== Source data ==
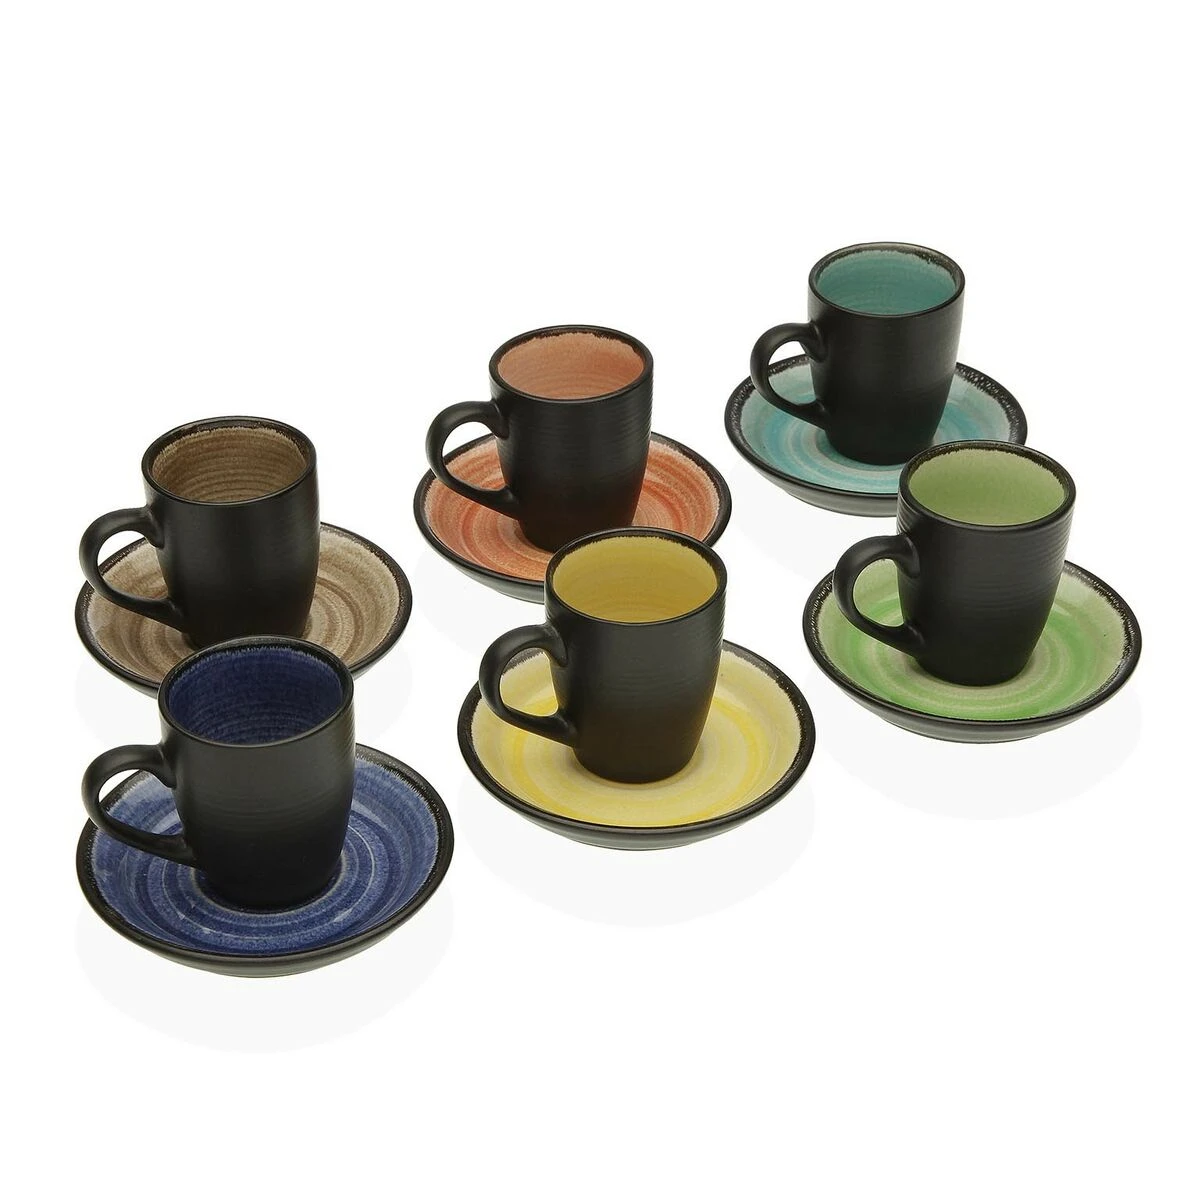 Set of 6 colorful cups and saucers
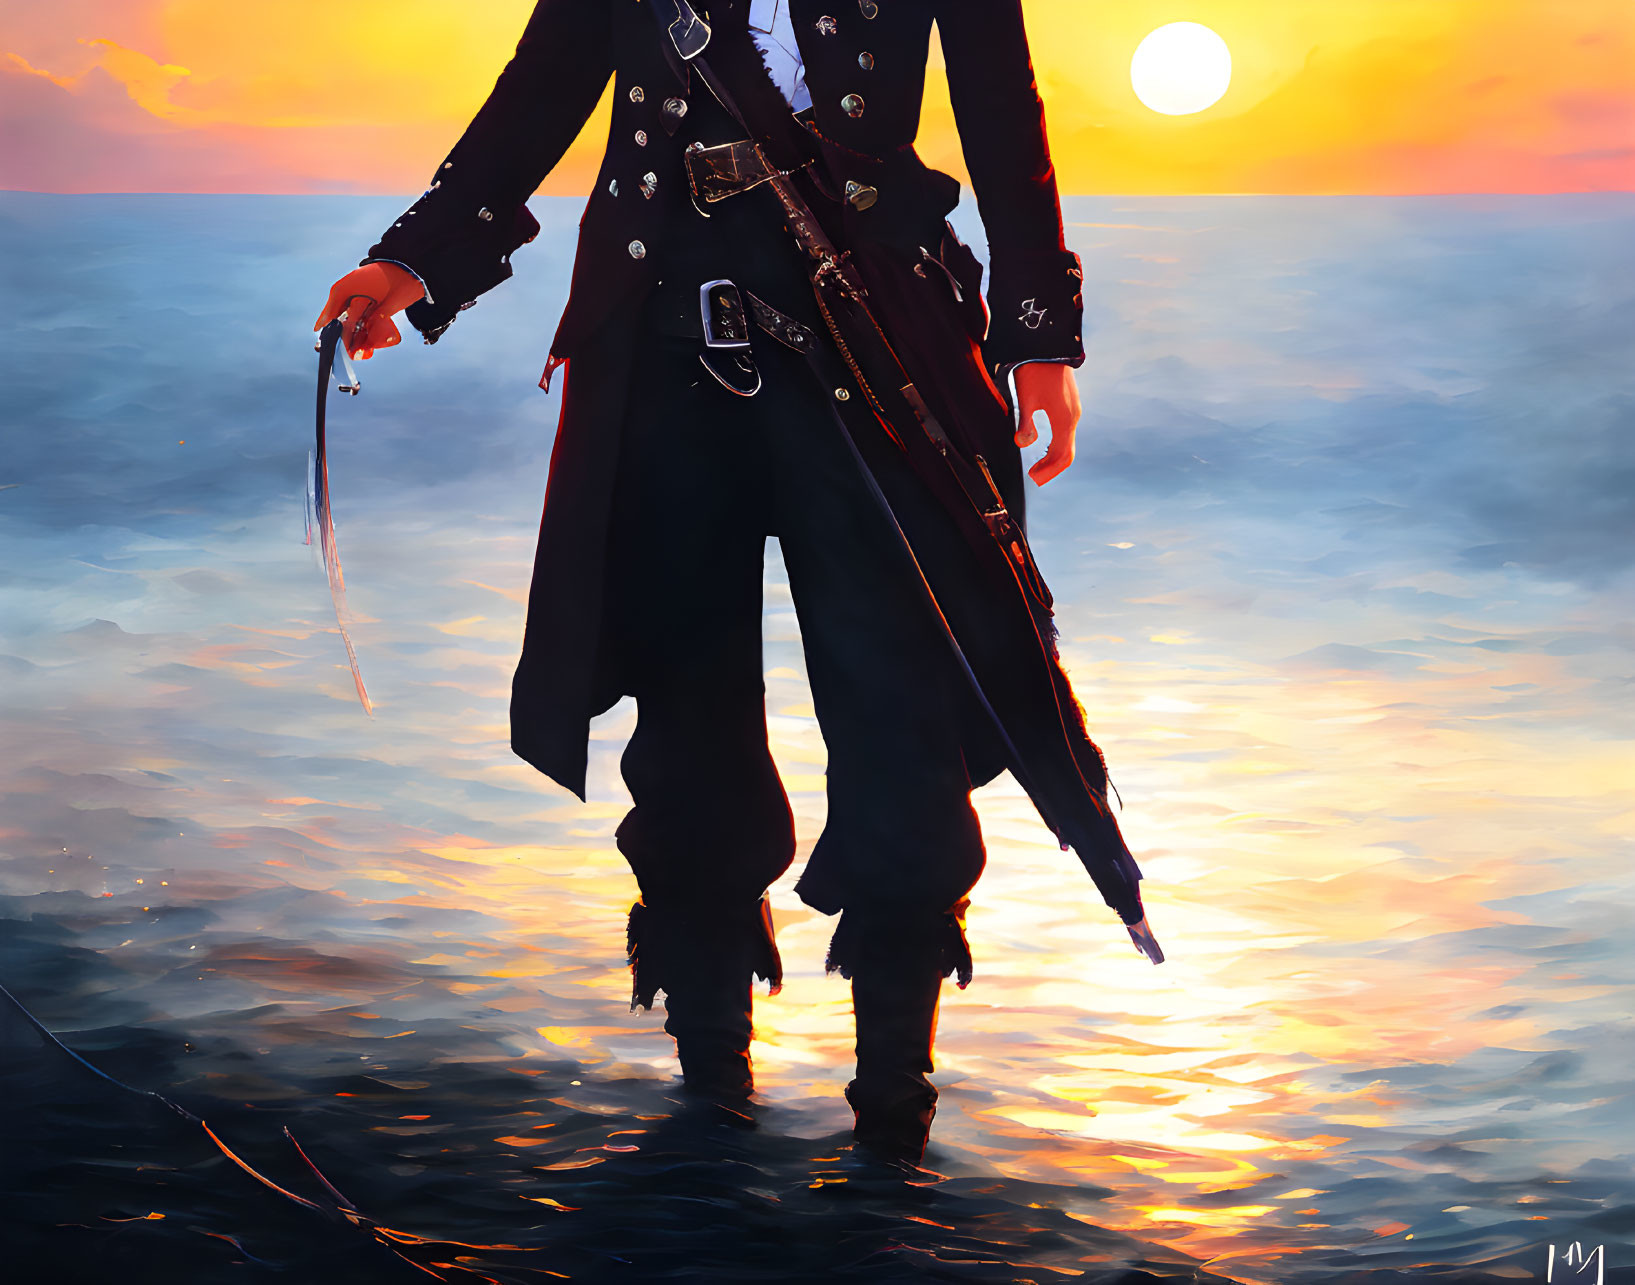 Pirate costume person with sword on water at sunset
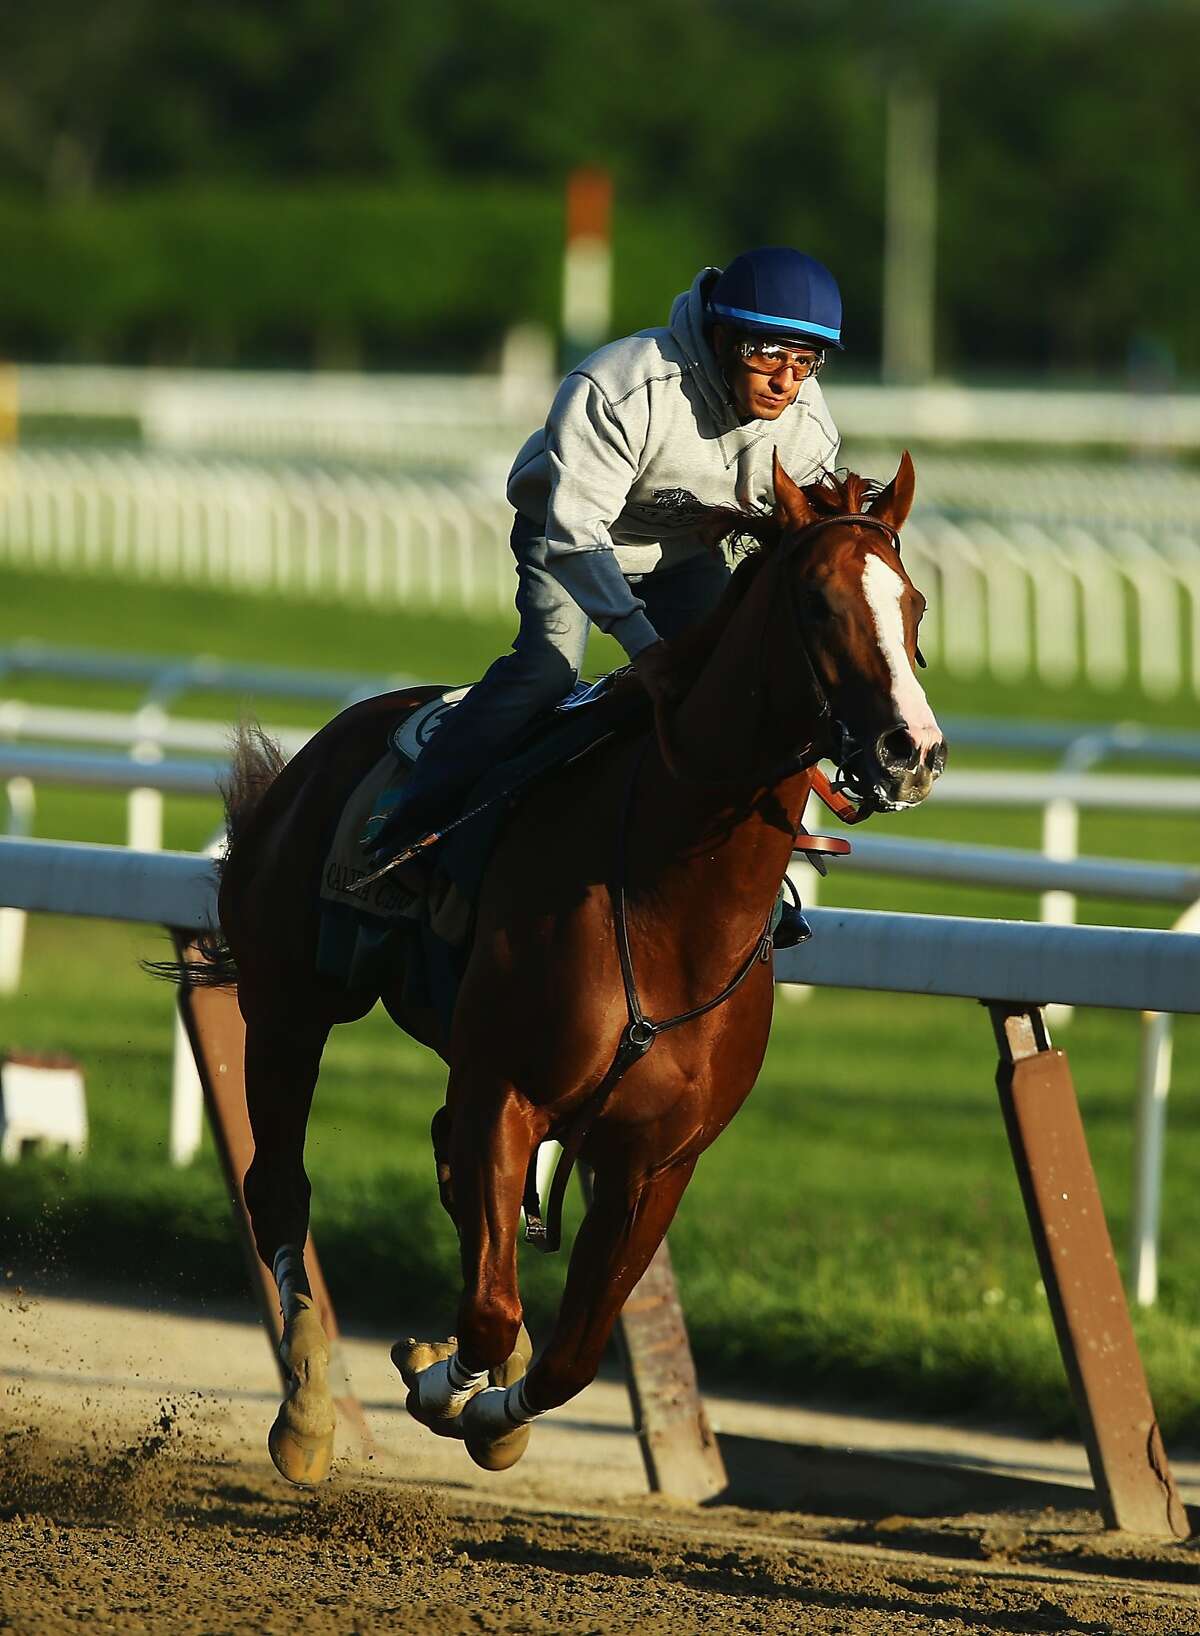 ELMONT, NY - MAY 31: Kentucky Derby and Preakness winner California Chrome with Jockey Victor Espinoza up trains at Belmont Park on May 31, 2014 in Elmont, New York. He is scheduled to race for the Triple Crown in the 146th running of the Belmont Stakes (Photo by Al Bello/Getty Images)

== What you have to do ==
Reproduce the data above line for line, excluding every picture.

== Output of the task ==
 Set of 6 colorful cups and saucers
 Pirate costume person with sword on water at sunset
 ELMONT, NY - MAY 31: Kentucky Derby and Preakness winner California Chrome with Jockey Victor Espinoza up trains at Belmont Park on May 31, 2014 in Elmont, New York. He is scheduled to race for the Triple Crown in the 146th running of the Belmont Stakes (Photo by Al Bello/Getty Images)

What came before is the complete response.